Buzz Magazine
The Prussian Bride contains all the ingredients to make it as successful as Buida's first novel, The Zero Train, which was published to great acclaim in 2001. His prose is crisp and he successfully conjures a world as fantastic as any in contemporary literature.
David Archibald in Scotland on Sunday
The Kaliningrad region is in an odd geographical and historical situation. Since the collapse of the Soviet Union it has been cut off from the rest of Russia, sandwiched between Poland and Lithuania. The region itself is only recently Russian -it was once East Prussia and its Russian inhabitants replaced the indigenous German population after the Second World War. Yuri Buida's magnificent collection of stories about his home town reflects these anomalies and presents a powerful and hilarious meditation on dislocated identities. The name Buida, as he tells us, means liar in Polish, and this appropriately reflects the imaginative invention that gives meaning to the lives of a populace who lack a clear place in history. Everything here is transformed, but only to give a greater force to the depiction of human suffering and joys. The whole effect is of a people's imagination confined by historical and geographical forces bursting forth in Rabelaisian splendour, without losing the stoicism that enabled them to endure the hardships of Communism. The stories show an ironic awareness of the power and dangers of self-deception, while seeing it as the only way of living a coherent life.
Buida's earlier novel, Zero Train (2001), was also powerful, but the theme of history's power to fragment ordinary lives works better in short-story format than in a continuous narrative. As we read through the stories in
The Prussian Bride, we get a Brueghel-like picture of a community held together by ragged threads. The families in these stories are disjointed,cobbled together from casually adopted orphans and catatonic or otherwise
absent wives and husbands. As in Zero Train, there is a sustained engagement with the absurd fantasies of self-empowerment that men construct to cope with their political impotence, but there is also more obvious
engagement here with a range of women's characters, some suffering silently, others taking control of life and their appetites.
The form of the stories is wonderfully varied, and the different registers are brilliantly captured by the translator, Oliver Ready. Perhaps the most effective are the longer ones such as 'Rita Schmidt Whoever', which is
about a German girl left behind after the deportation, only to be bullied by her grotesque adoptive mother; she is a girl who, in the midst of her sufferings, is able, like Christ in Gethsemane, to sum up her life-
something the narrator believes we all strive for. This is not a matter of truth: 'No court can thrash that out of a person. Anyway, the facts die,only the legend lasts. The lie, if you like.
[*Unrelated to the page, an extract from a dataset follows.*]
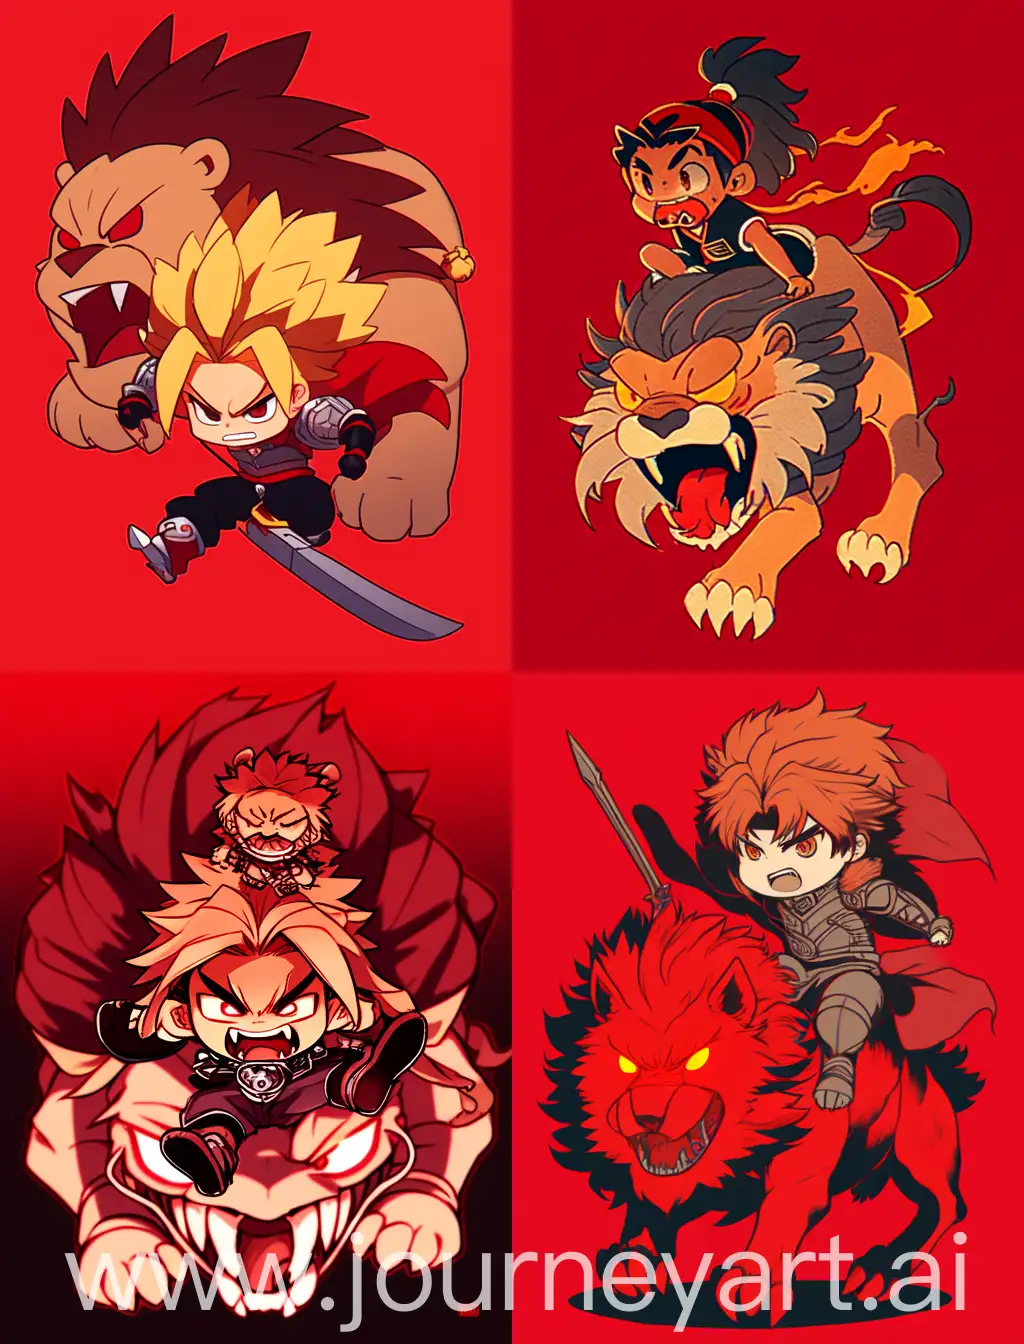 angry chibi anime guy riding a lion, cartoon anime style, with strong lines, with red solid background

Now there's something you can't argue with.' The story goes on to demonstrate this to great effect, turning into a faked reflection on the detective story's search for truth.Yet here, as in some of the more lyrical miniature stories, it is the casual references to the town's life, often fuelled by a delighted cloacal fascination, that gives the collection its particular character.
For example, early in the book, we encounter Gramp Mukhanov, who 'out of sheer malice and bloody-mindedness' had built a wooden lavatory above the roof of his house, 'fixing it in place with poles and rusty pipes tied together with wire (he risked his life twice a day, did Gramp, clambering up the rickety ladder to his starling-house; a minute later the town's sharper-eyed inhabitants could follow the distant flight of his excrement as it fell through a hole in the cabin floor into a basin on the ground).' We keep encountering this obstinate old man, smoking his cigarettes made out of Georgian tea, and that makeshift WC comes to mind: a proper response to Stalinism, and a symbol, perhaps, of not being at home in your own land.
Tom MacFaul in The Times Literary Supplement
Bakunin, Buida and Pelevin are interesting contemporary writers - all well translated.
Building a 20th-century Russian literature library by Robert Chandler in The Independent on Sunday
Oliver Ready's translation of The Prussian Bride was awarded the inaugural Russian Translation Prize.
Times Literary Supplement.
Another triumph for Yuri Buida, this is the second of his books to be translated into English, and like his first - The Zero Train - it was shortlisted for the Russian equivalent of the Booker Prize. It has also won a prestigious Apollon Grigoriev award. Buida was born in 1954 in the Kaliningrad Region. This area was formerly East Prussia and had been resettled with Soviet citizens a few years before Buida's birth. The result was an alien place populated by displaced individuals: 'Germans had lived here. Then they were deported. A ten-twenty-thirty year layer of Russian life trembled on a seven-hundred-year foundation about which I knew nothing. So the child began to invent.' Over a number of years Buida wrote and invented details about the area, and this is the resulting collection of 31 tales. The book makes for a surreal experience: his characters include widows, whores, resurrected politicians, madmen, orphans and ghosts, and they exist together in a dream-like blend of fantasy and bitter memory. All the extremes of human emotions are exposed: murder, abuse, passion, debts of honour, devotion, compassion are all here. Appalling, haunting and uplifting, this book is unlike anything you have read before, and completely unforgettable.